Sabtu, 05 September 2015

Tugas Bahasa Indonesia "Banun"

Meski kini sudah zaman gas elpiji, Banun masih mengasapi dapur dengan daun kelapa kering dan kayu bakar, hingga ia masih menyandang julukan si Banun Kikir. Kemudian, Rimah akan membelikan kompor gas dan bertanya kepada Banun.
Rimah  : Mak, bagaimana saya belikan kompor gas?
Banun  : Huk-huk..Tidak usah, Nak. Sebaiknya uangnya untuk keperluanmu saja.
Rimah  : Tidak apa-apa. Tapi, asap dari pembakaran itu membuat batuk-batuk, Mak. Bagaimana   
               kalau Emak sakit ?
Banun  : Tak usah lah, Nak. Jika nasi tak terasa sebagai nasi bila dimasak dengan elpiji.
Rimah  : Baiklah, Mak.
Banun menolak tawaran Rimah yang hendak membelikannya kompor gas. Rimah sudah hidup berkecukupan bersama suaminya yang bekerja sebagai guru di ibu kota kabupaten. Begitu pula dengan Nami dan dua anak Banun yang lain. Sejak menikah, mereka tinggal di rumah masing-masing. Setiap Jumat, Banun datang berkunjung, menjenguk cucu, secara bergiliran. Terakhir, Banun bekunjung ke rumah Rimah.
Rimah  : Mak, sudah datang ya? Duduk dulu ,Mak.
Banun  : Ya,terima kasih.
Rimah  : Bagaimana Mak kabar Nami?
Banun  : Baik. Nami dengan suaminya baru diangkat jadi PNS.
Rimah  : Wah, bagus itu. Tapi apa Emak sering diolok-olok julukan buruk itu ?
Banun  : Iya, sering.
Rimah  : Kalau Mak menerima pinangan Rustam, tentu julukan buruk itu tak pernah ada,
Banun  : Biarlah mereka mengolok-olok Mak.
Rimah  : Masa itu kenapa Mak mengatakan bahwa aku sudah punya calon suami, padahal belum,    bukan? Bukankah calon menantu Mak calon insinyur?
Banun  : Tak usah kau ungkit-ungkit lagi cerita lama. Mungkin Rustam bukan jodohmu!
Rimah : Tapi seandainya kami berjodoh, Mak tak akan dinamai Banun Kikir!

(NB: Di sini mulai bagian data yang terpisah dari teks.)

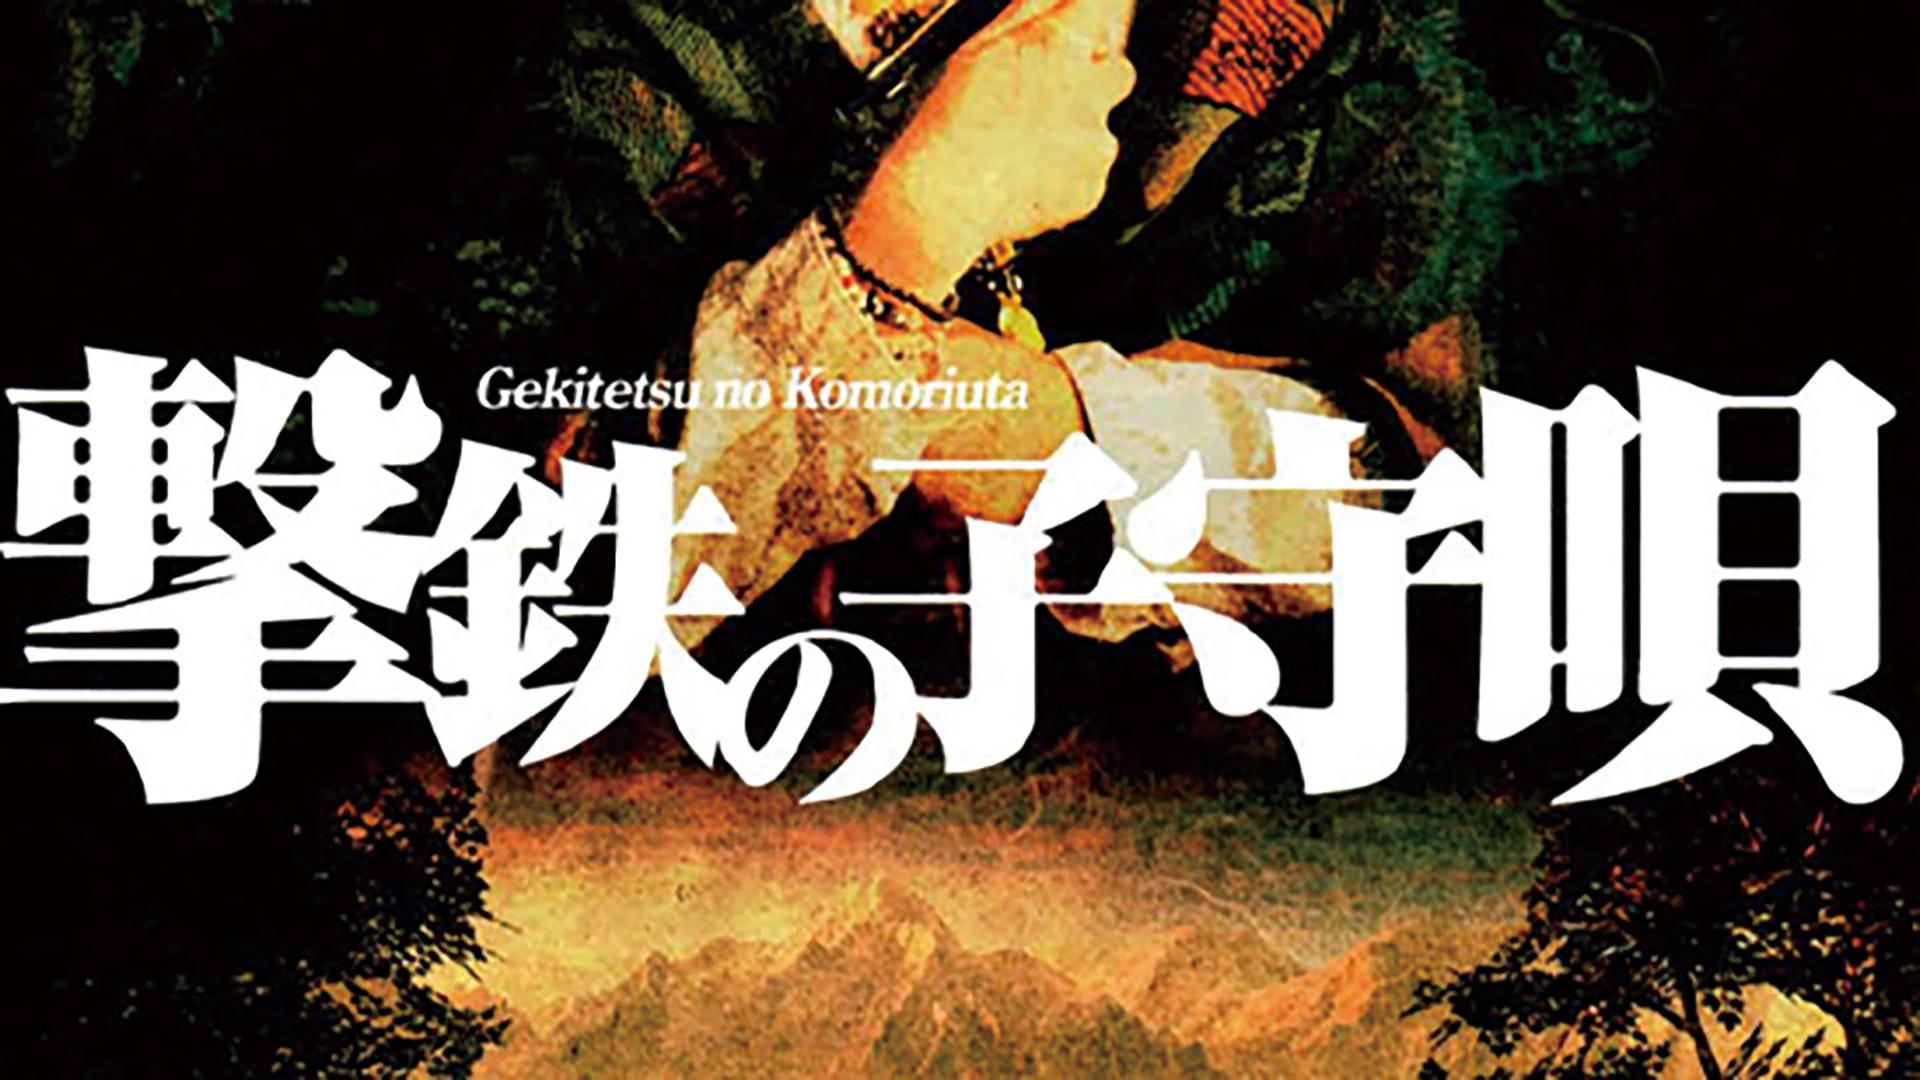 撃鉄の子守唄 2007年初演

Sesaat Banun diam. Tanya-tanya nyinyir Rimah mengingatkan ia pada Palar yang begitu bangga punya anak bertitel insinyur pertanian, yang katanya dapat melipatgandakan hasil panen dengan mengajarkan teori-teori pertanian. Tapi, bagaimana mungkin Rustam akan memberi contoh cara bertani modern, sementara sawahnya sudah ludes terjual? Kalau memang benar Palar orang tani yang sesungguhnya, ia tidak akan gampang menjual lahan sawah, meski untuk mencetak insinyur pertanian yang dibanggakannya itu. Apalah guna insinyur pertanian bila tidak mengamalkan laku orang tani? Banun menolak pinangan itu bukan karena Palar sedang terbelit hutang, tidak pula karena ia sudah jadi tuan tanah, tapi karena perangai buruk Palar yang dianggapnya sebagai penghinaan pada jalan hidup orang tani.